Facebook mistakenly updates BGP and drags DNS with it
It seems that around 17:30 Spanish time, the Facebook team made a very important change in the BGP protocol, taking the DNS records with them, so that right now the Facebook, WhatsApp and Instagram domains have completely disappeared, if you try accessing any of these services will not charge you, because clients do not know how to get to the servers.
The Internet is made up of thousands of autonomous systems, also known as AS, these AS use the BGP protocol to communicate with other autonomous systems and exchange routes. When we connect to Facebook, the first thing we must do is consult the DNS servers to know where to go with the public IP address that you provide us, later the packets will be routed directly from the origin of the connection (us) to the destination, going through several intermediate routers, each and every one of these routers have the necessary routes to take us to the destination, which are the Facebook servers.
Although the servers are still up and running without problems, Facebook internally uses different DNS that they have in order to reach their own services, however, since the DNS does not work, logically no one can reach the destination. If we try to do an nslookup from our Internet connection, the DNS server will automatically tell us that the Facebook domain or any other related domain cannot be found.
The failure that has caused the entire Facebook platform to crash is a bad update of the BGP protocol, making it impossible to access these systems remotely immediately again to fix the problem, when a change is made to BGP, these Changes are quickly propagated to all other routers involved. There are Facebook people for hours in their datacentres who are physically trying to solve the problem, however, the people who have the necessary knowledge to be able to authenticate in the system and proceed with the changes are working remotely from their homes, and of course They can’t remotely access Facebook to fix it.
What has happened is like when we try to configure a firewall of a remote server via SSH, and by mistake we block ourselves. In this case, when updating the BGP protocol and due to the rapid propagation of the new routes with the incorporated changes, there is simply no longer a “path” to access these devices, they cannot go back with the changes because they have lost connectivity .
Facebook uses its own DNS for absolutely everything, for WhatsApp, for VoIP calls, Facebook’s internal email etc, therefore, if the DNS goes down, the way to fix it remotely also goes down. Because Facebook has very tight security to prevent attacks, and even to prevent employees themselves from making critical changes, only a few people have the knowledge and access credentials to access and fix it.
What if it really was an attack?
On the Internet, it is said that the Anonymous group has attacked Facebook, in the event that an attack has seriously compromised the company’s infrastructure, the most logical thing to do is cut all communications in the bud, which is precisely what Facebook has done by updating its protocol BGP to erase all routes from all routers in the world. For a company the size of Facebook, with people with years of experience behind them and who are among the best in the world in their field, it is quite strange that they have updated the BGP protocol badly to precisely lose all communication with the outside world, unless it’s for a good reason: a major hack.

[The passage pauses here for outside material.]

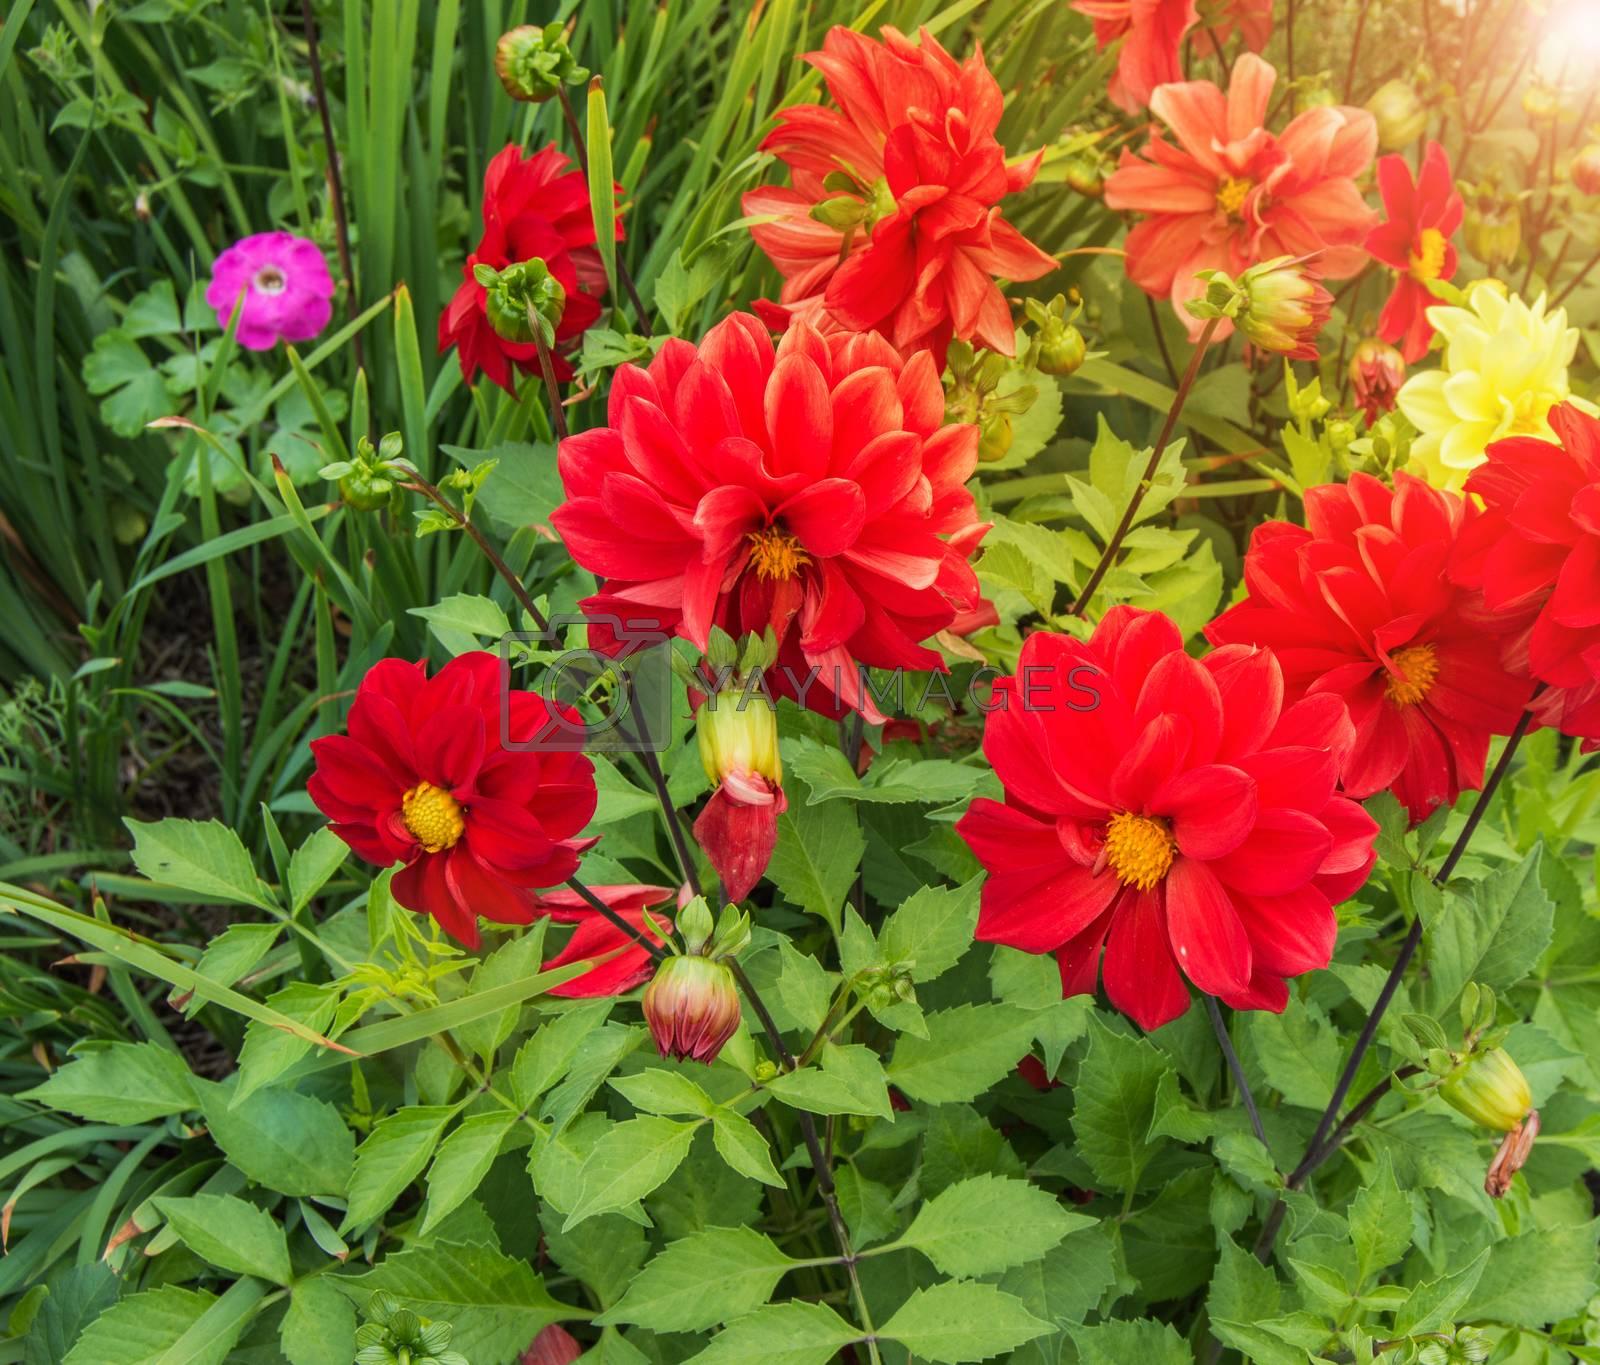 Red dahlias in the garden, bright sunlight, outdoors, nobody.

Other services have problems too
Other services like Google and Telegram They are also having some stability issues, they may be the next to fall. Right now the operation of these services is not entirely correct, for example, they do not allow you to download photos or upload them, in addition, when browsing the Internet with Google it also gives an error on some occasions. If you have a smartphone, it is very possible that it tells you that you are connected to a WiFi network without an Internet connection, this is because to verify the Internet connection they make communications with Google servers, and it seems that they are down or do not work at all well For this reason, the mobile incorrectly tells us that they are also down.
The reason for these drops is because people try to enter Facebook domains in an “avalanche” and continuously, the DNS servers cannot resolve these domains correctly, and they have requests overload, for this reason, sometimes it seems that they also the different services have fallen when it is not like that.